Ms. Piccolo testified to having reviewed plaintiff’s claims, and stated why further verification was needed. As a result, she prepared verification letters and placed them in “a bin slot . . . within the department,” to be “picked up by the clerical department.” She further testified that if mail was not delivered and came back to her office, the address would be checked, and if it was wrong, it would be corrected and re-mailed. However, Ms. Piccolo candidly admitted to not knowing the mailroom procedure:
“Q: Do you have personal knowledge of the actual policies of the people who handle that mail that’s returned?[*3]
“A: Personal knowledge, yes.
“Q: Personal knowledge as in you observe them do their day to day job with respect to . . . receipt of mail returned?
“A: No.
“Q: Nor with any of their other responsibilities with respect to mailing, correct?
“A: Correct.”
It is well established that the decision of the fact-finding court should not be disturbed unless it is obvious that the court’s conclusion could not be reached under any fair interpretation of the evidence. (Frame v Maynard, 78 AD3d 508 [1st Dept 2010].) Further, the burden is on the insurer to establish proper and timely mailing of verification requests. (Westchester Med. Ctr. v Progressive Cas. Ins. Co., 6 Misc 3d 1039[A], 2005 NY Slip Op 50348[U] [Nassau Dist Ct 2005]; see Lehrer McGovern Bovis, Inc. v Public Serv. Mut. Ins. Co., 268 AD2d 388 [1st Dept 2000].)

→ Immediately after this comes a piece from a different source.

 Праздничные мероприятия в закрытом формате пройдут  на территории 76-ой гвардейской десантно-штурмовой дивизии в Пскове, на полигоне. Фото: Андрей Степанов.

As noted in Badio v Liberty Mut. Fire Ins. Co. (12 AD3d 229, 230 [1st Dept 2004]): “An insurer is entitled to a presumption that a [request] was received when the proof exhibits an office practice and procedure . . . which shows that the [request has]{**31 Misc 3d at 17} been duly addressed and mailed.” (Emphasis added and internal quotation marks omitted.) In that case, “Liberty Mutual did present the testimony of an employee who possessed personal knowledge of the office mailing practice, including how the mail was picked up and counted, and how the names and addresses on each item were confirmed.” (Id.)

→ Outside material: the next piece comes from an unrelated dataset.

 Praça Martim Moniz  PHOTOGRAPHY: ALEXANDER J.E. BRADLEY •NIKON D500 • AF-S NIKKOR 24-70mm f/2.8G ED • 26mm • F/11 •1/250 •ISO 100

Clearly Ms. Piccolo, who placed her letters in a bin slot within her own particular department, did not know whether such letters were put in a postal box that day. Nor did she have personal knowledge regarding even the basic mailing practice and procedure of her company. In Westchester Med. Ctr. v Countrywide Ins. Co. (45 AD3d 676 [2d Dept 2007]), defendant contended that a claim for payment was premature because plaintiff failed to respond to its verification requests. However, the Court, in holding that the statements by a supervisor employed in defendant’s claims department were insufficient, noted that she “had no personal knowledge that the verification requests were actually mailed on the dates they were issued.” (Id. at 676.) The Court further stated that “her conclusory allegations regarding the defendant’s office practice and procedure failed to establish that [it] was designed to ensure that the verification requests were . . . properly mailed.” (Id. at 676-677; accord Modern Psychiatric Servs. P.C. v Progressive Ins. Co., 10 Misc 3d 145[A], 2006 NY Slip Op 50143[U] [App Term, 2d Dept 2006]; Careplus Med. Supply Inc. v Travelers Home & Mar. Ins. Co., 7 Misc 3d 133[A], 2005 NY Slip Op 50648[U] [App Term, 2d Dept 2005].)
Accordingly, the judgment in favor of plaintiff should not be disturbed.
McKeon, P.J., and Shulman, J., concur; Schoenfeld, J., dissents in a separate opinion.